── The data ──

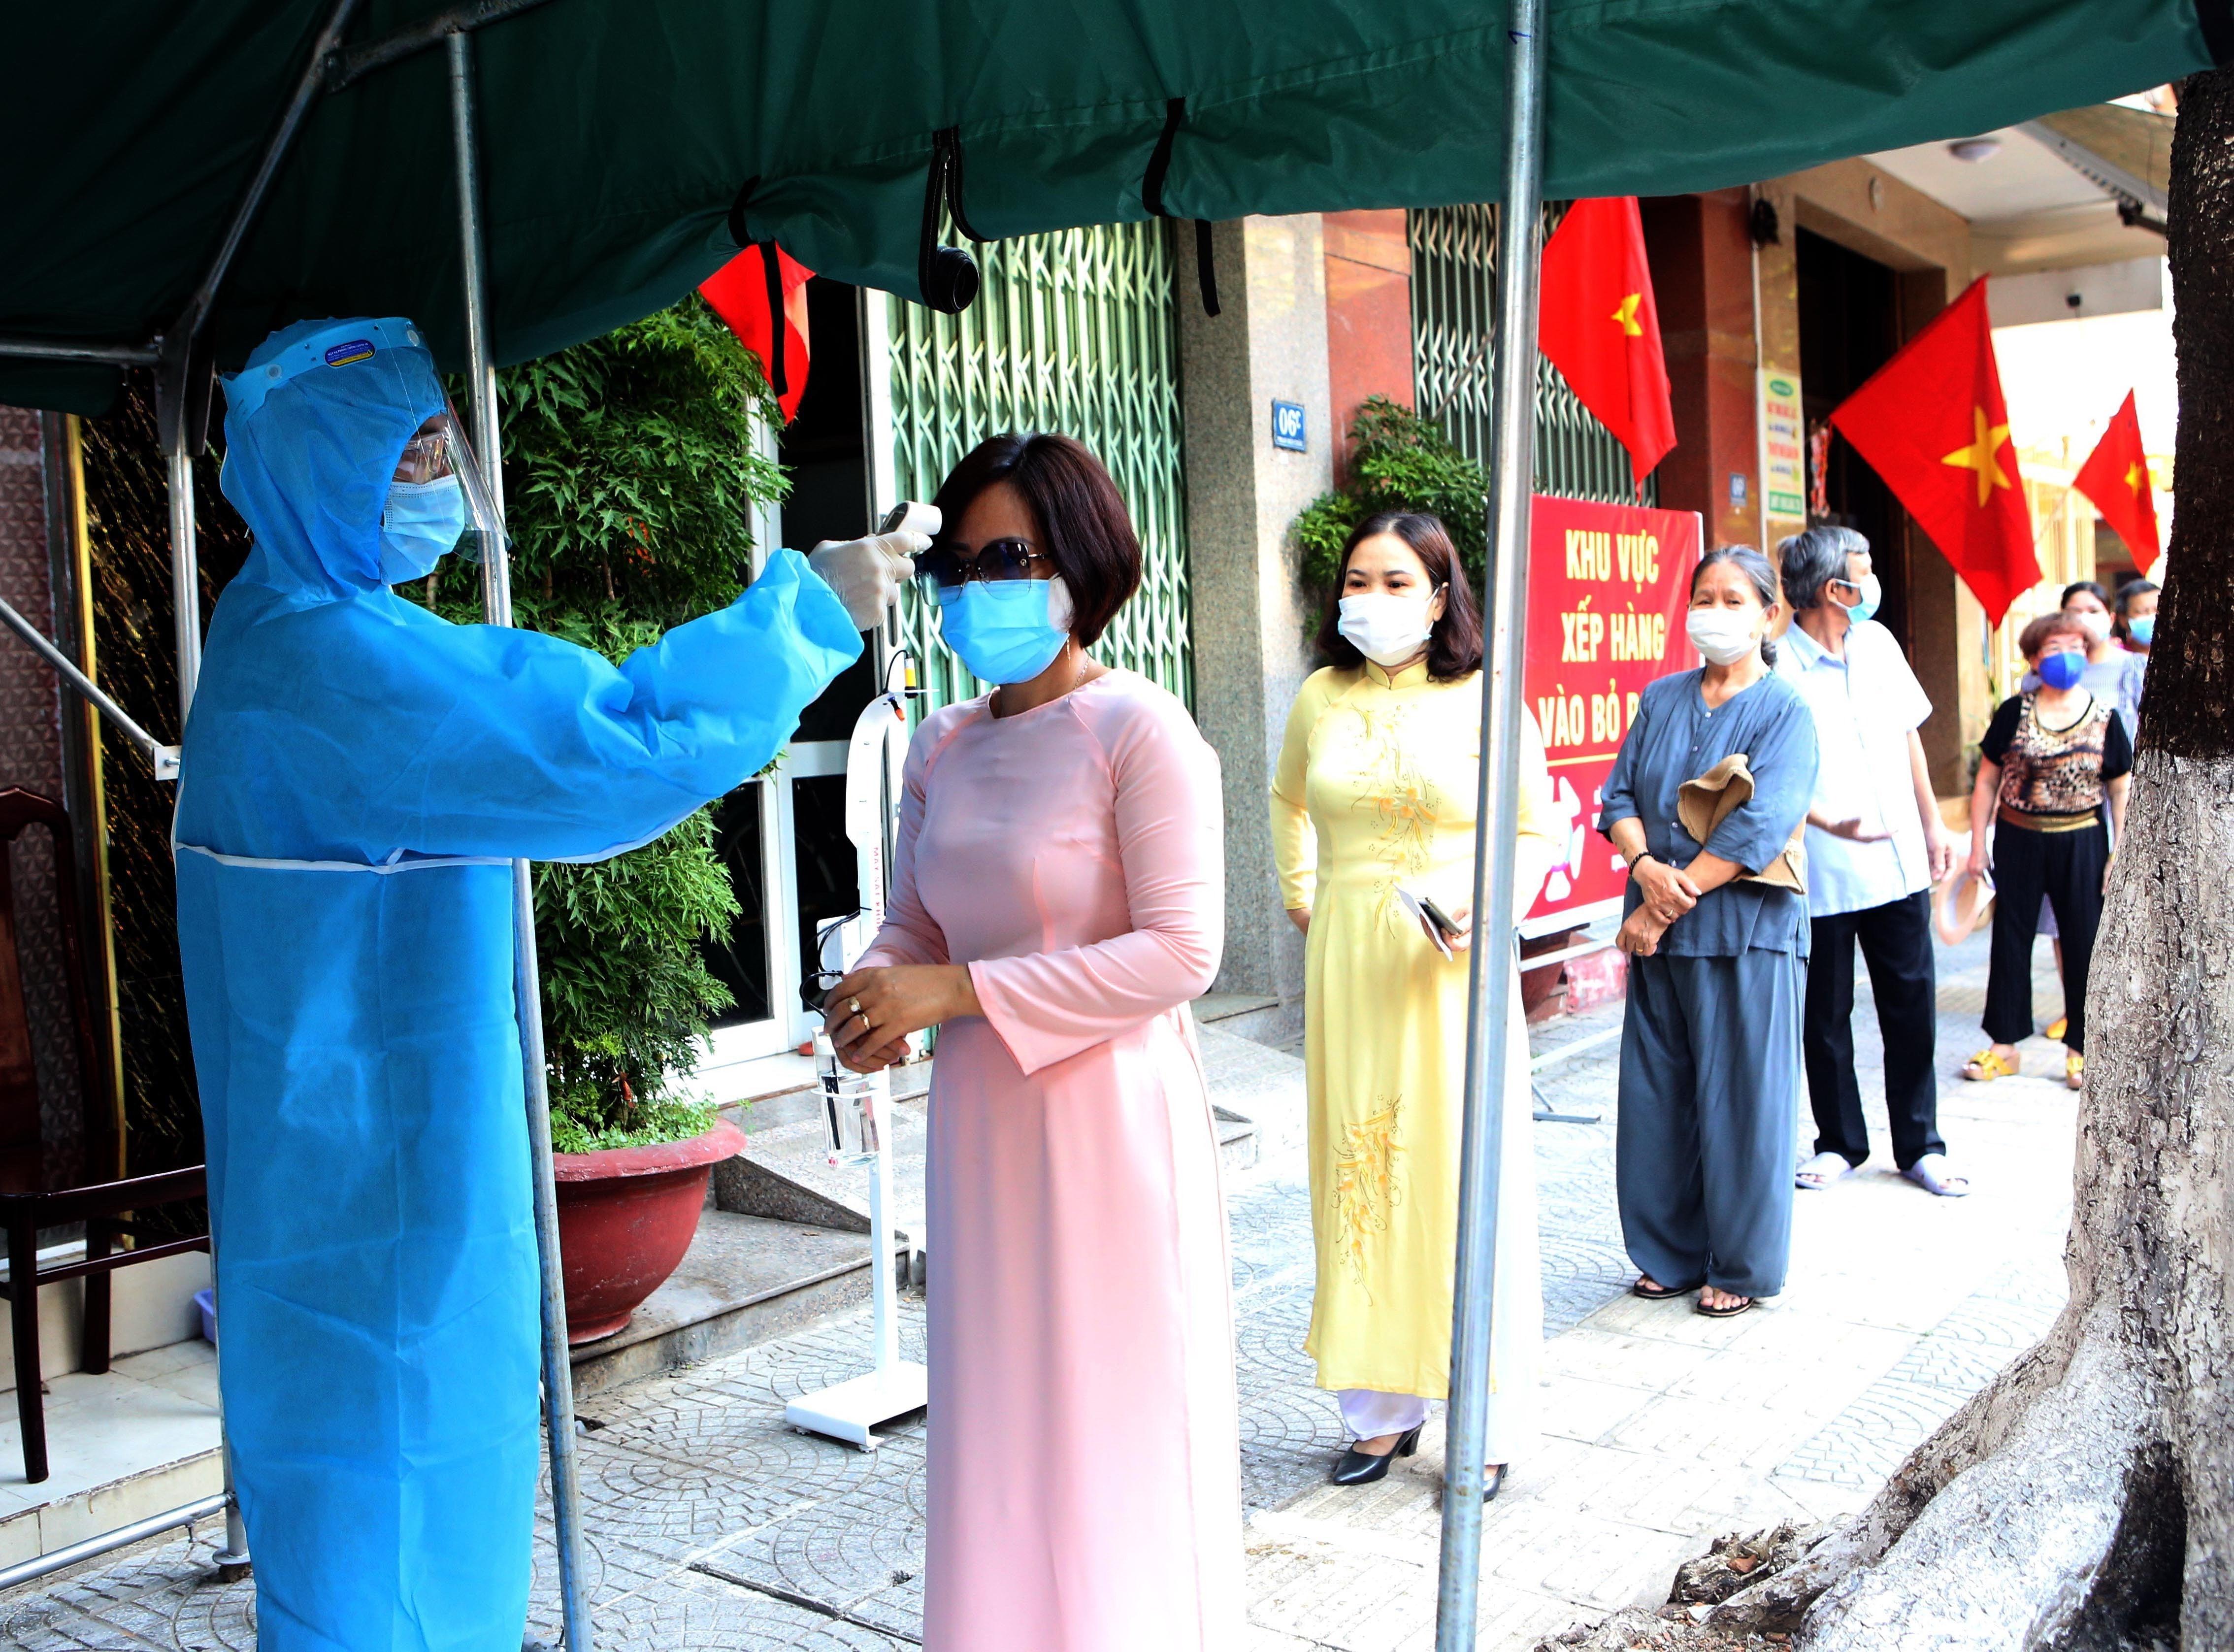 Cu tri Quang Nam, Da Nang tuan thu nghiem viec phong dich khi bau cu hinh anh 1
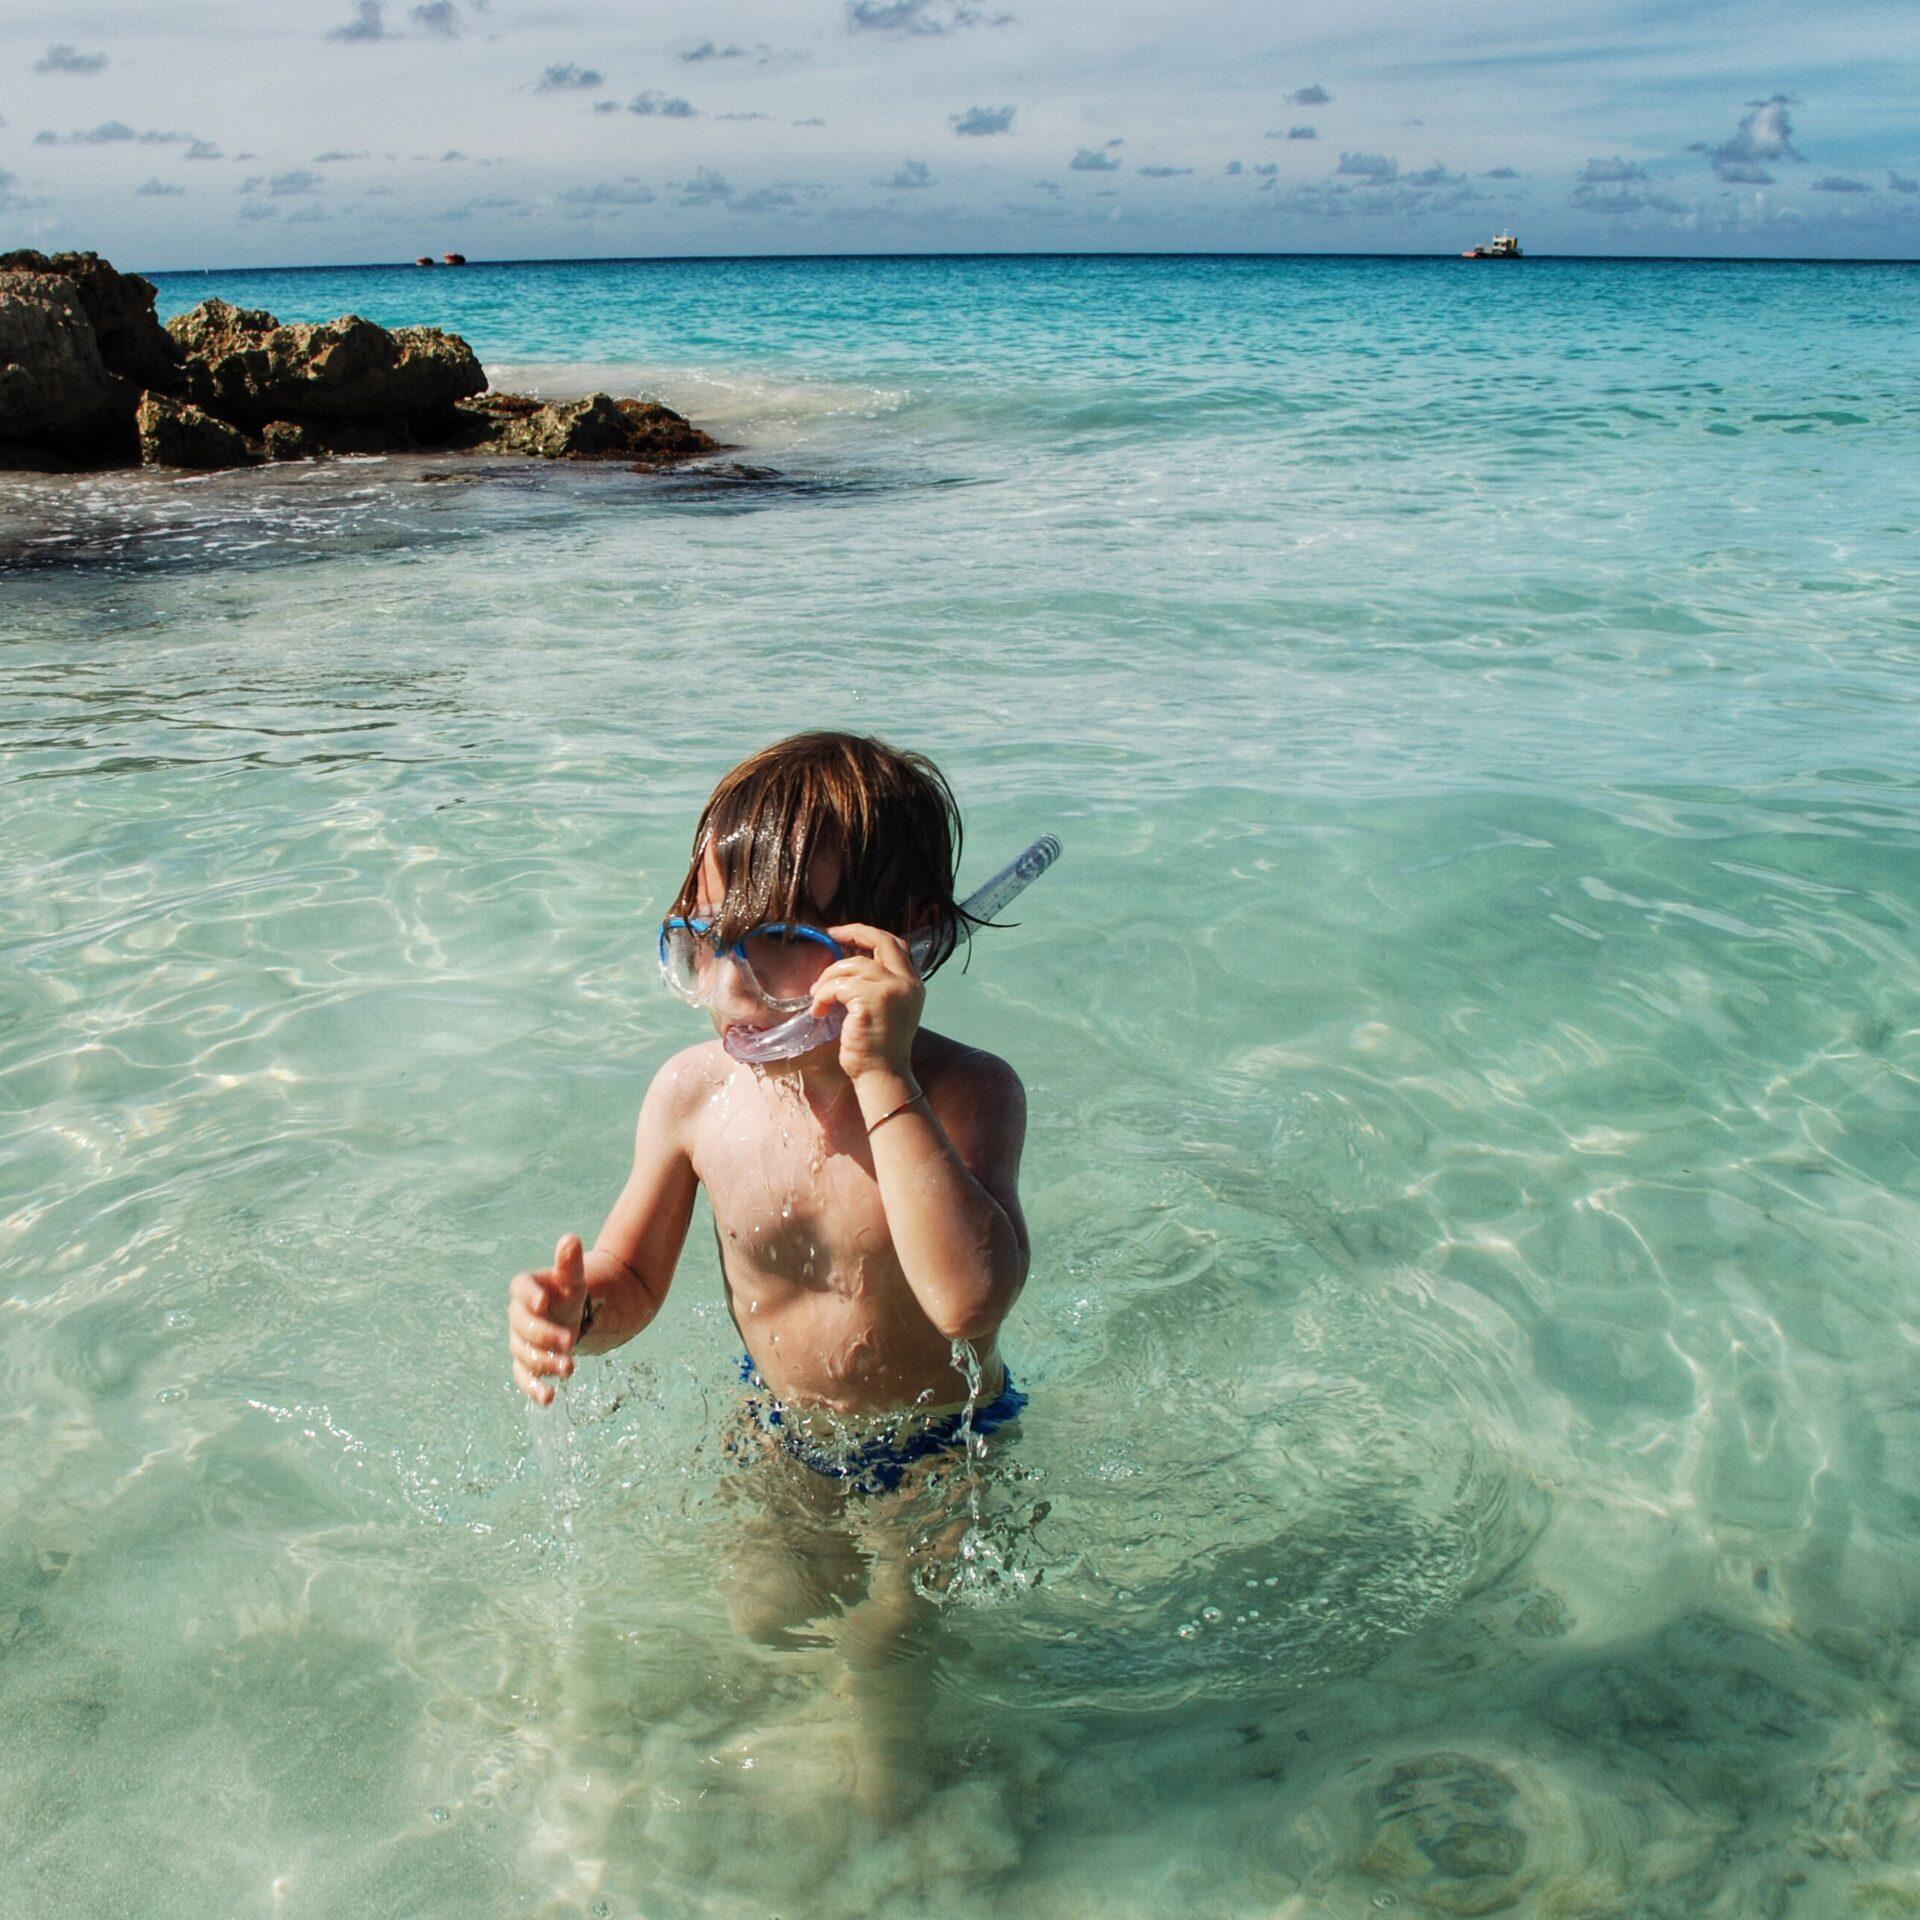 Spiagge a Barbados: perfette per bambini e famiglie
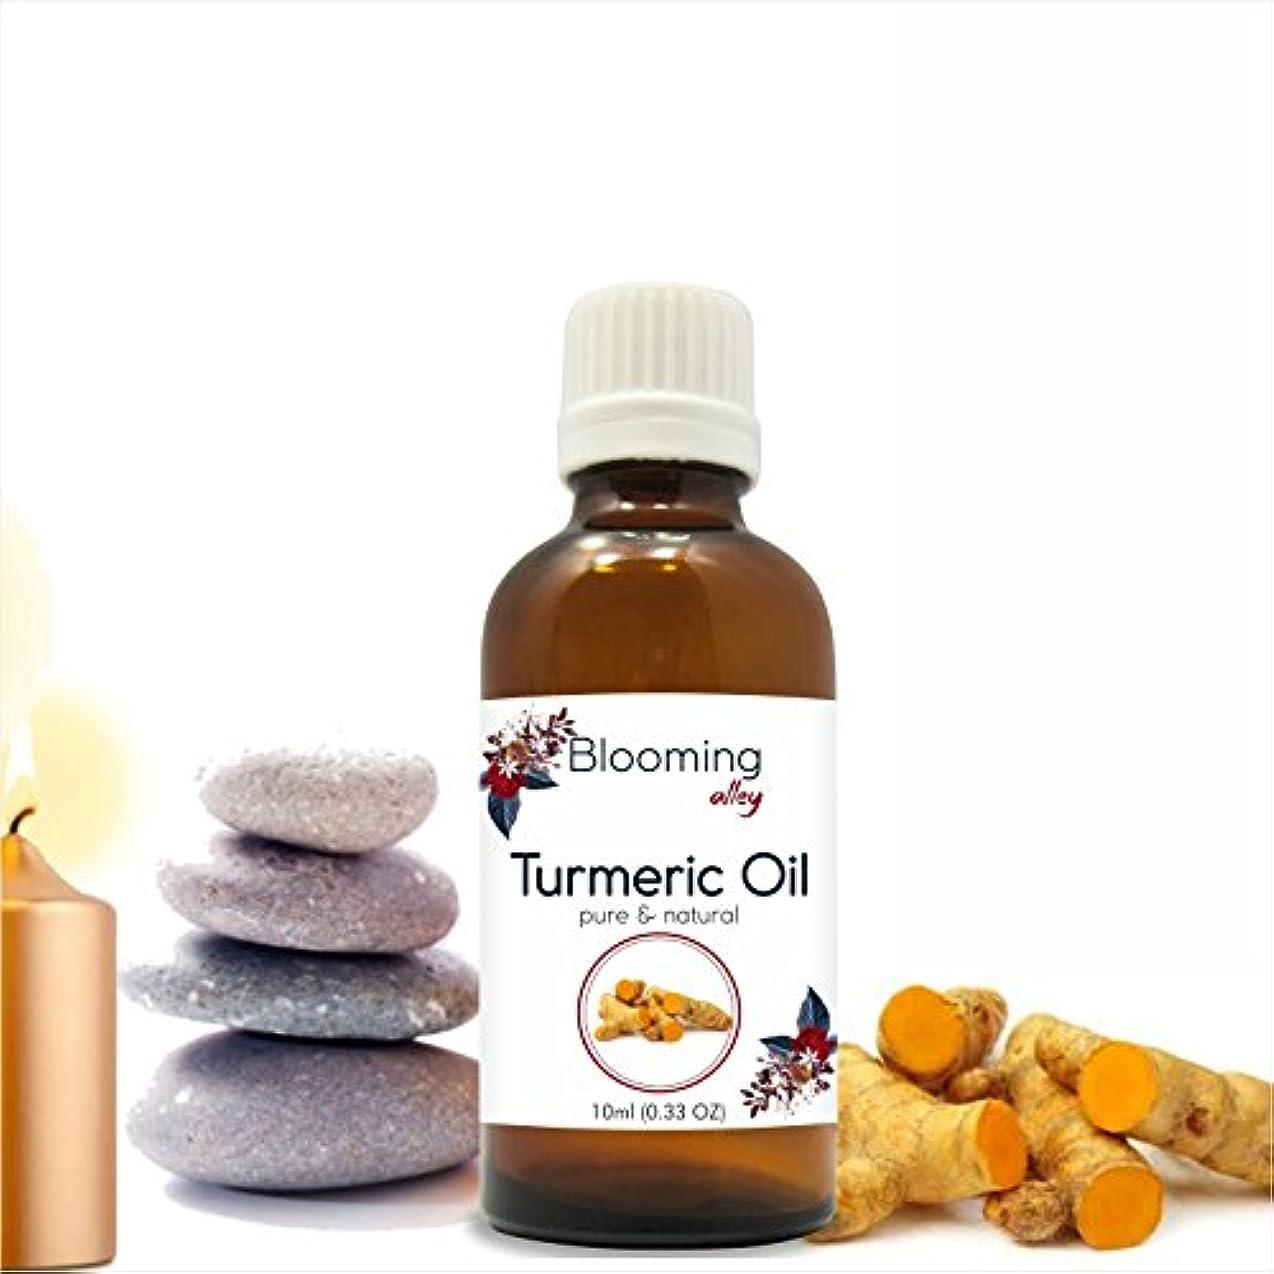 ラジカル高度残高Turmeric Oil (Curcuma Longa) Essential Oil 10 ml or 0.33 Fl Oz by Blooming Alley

───

Activity:
Give the data above back unchanged, except for the pictures.

Written solution:
 Cu tri Quang Nam, Da Nang tuan thu nghiem viec phong dich khi bau cu hinh anh 1
 Spiagge a Barbados: perfette per bambini e famiglie
 ラジカル高度残高Turmeric Oil (Curcuma Longa) Essential Oil 10 ml or 0.33 Fl Oz by Blooming Alley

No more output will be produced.